I received an interesting reader question from Richard: What is the best way to apply the Playing to Win Choice Cascade to a natural monopoly? He gave examples of natural monopolies including utilities, government agencies, charities, membership organizations, etc. Lots of folks work in natural monopolies (including many who don’t realize that they do), so I thought it was well worth dedicating my 50th Year III Playing to Win/Practitioner Insights piece to: Strategy for Natural Monopolies: Nuances for Applying Playing to Win. You can find the previous 160 PTW/PI here.

What is a Natural Monopoly?

This is the pithy but profound definition of natural monopoly by the late great economist William Baumol from his seminal 1977 American Economic Review article: “An industry in which multiform production is more costly than production by a monopoly.” Baumol is one of my favorite economists. Much like Peter Drucker, he lived to almost 100 years and published into his 90s. He was well-loved and made huge contributions to his field.

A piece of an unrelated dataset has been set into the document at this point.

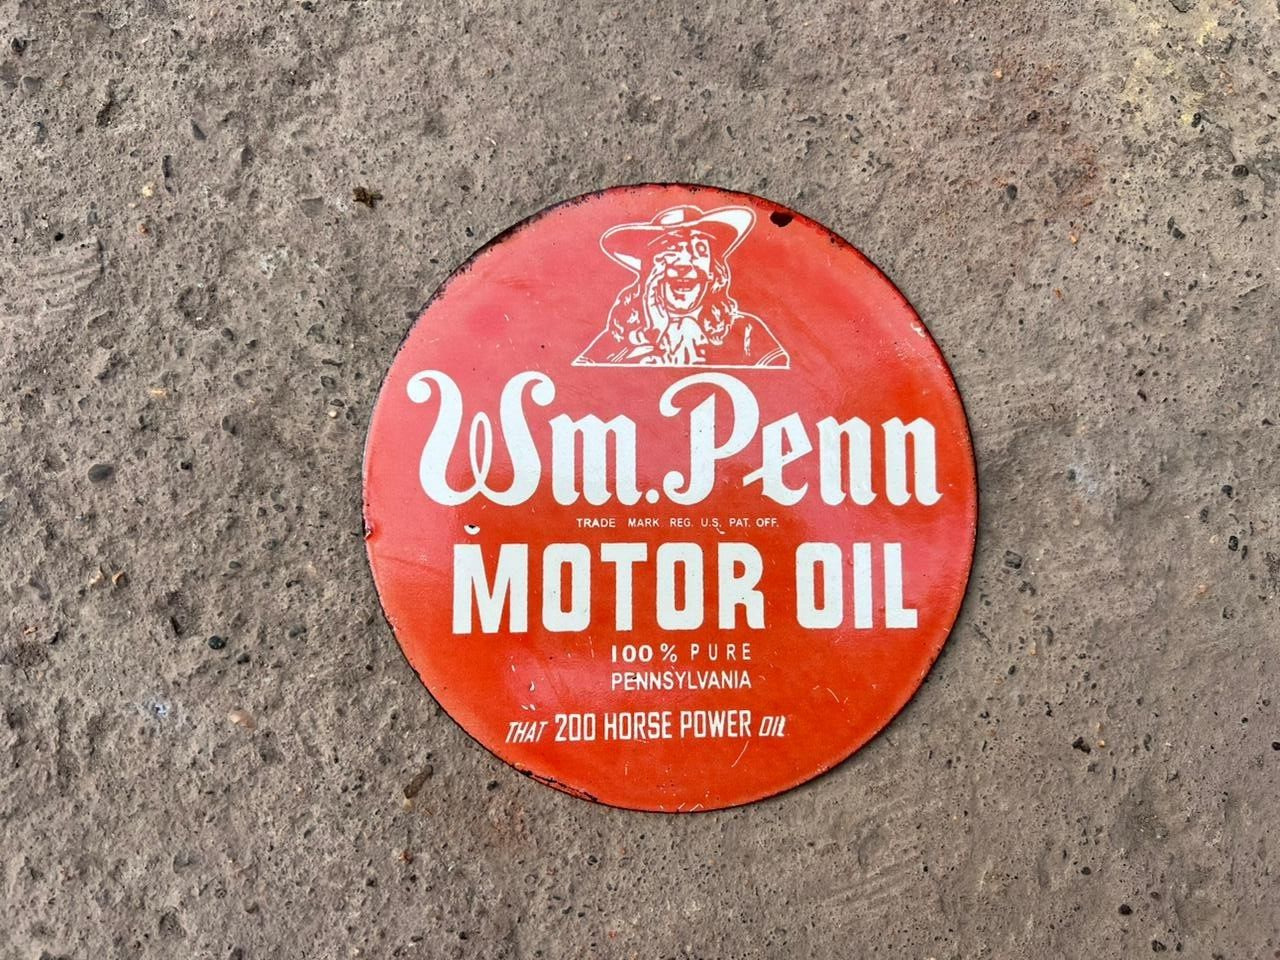 WM.PENN MOTOR OIL PORCELAIN ENAMEL SIGN 30x30 INCHES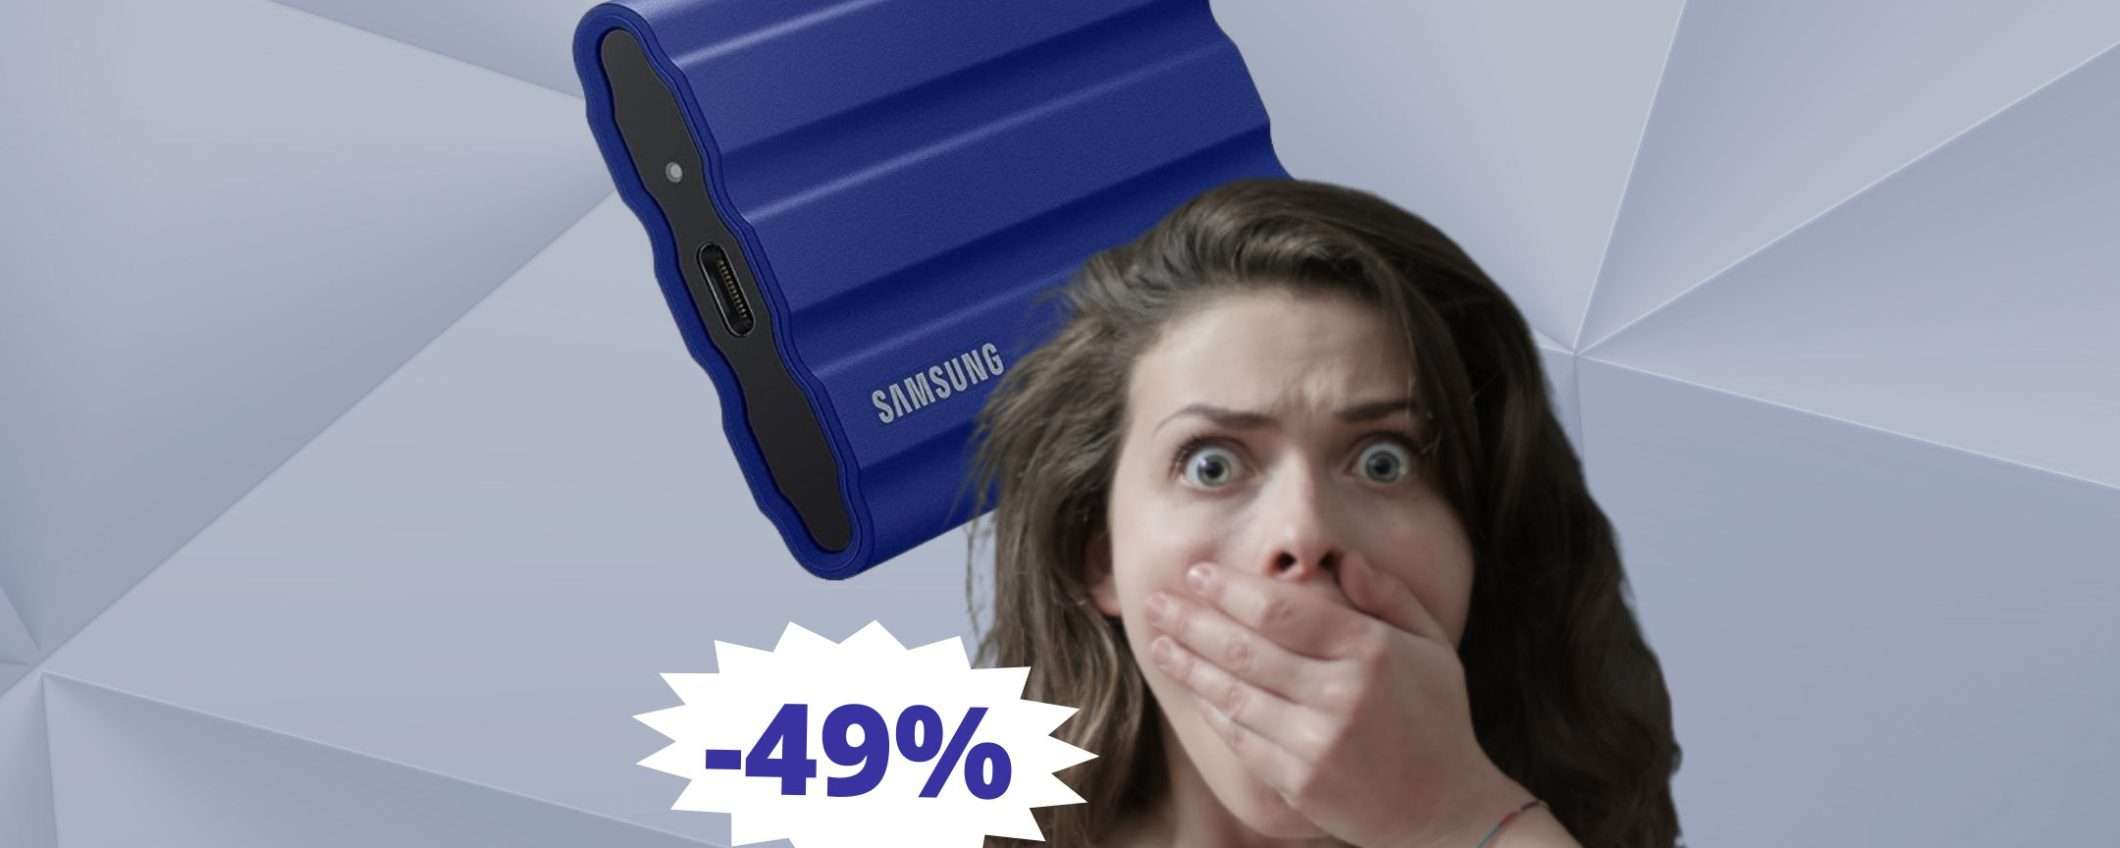 SSD Samsung Memorie T7: AFFARE imperdibile su Amazon (-49%)

The industries that are usually used to exemplify natural monopolies are railways, power grids, subways, and telecom networks. In each case, the cost of building out one provider is so high that it doesn’t make economic sense for a second player to replicate the first — chances are it would go broke if it tried. Lots of natural monopolies are public (e.g., the patent and trademark office, the court system) and the ones that are private tend to be heavily regulated to stop them from extracting ‘monopoly rents’ from customers.

Natural monopolies are not necessarily permanent. They can change when the cost dynamics shift to make it feasible for additional competitors to enter. For example, for most of the 20th century, the US telecom network was seen as a natural monopoly and AT&T was the monopolist provider. It was regulated under a strict rate of return regime to constrain its pricing power. But AT&T was famously broken up in 1984 into the long-distance provider (that kept the name AT&T) and seven regional ‘Baby Bells’ (the latter of which slowly but surely merged down into two players, Southwest Bell Corporation (SBC) and Verizon). And the long-distance business was deregulated because the evolution of the cost structure in telecom had made it possible for new entrants, such as MCI and Sprint, to compete effectively.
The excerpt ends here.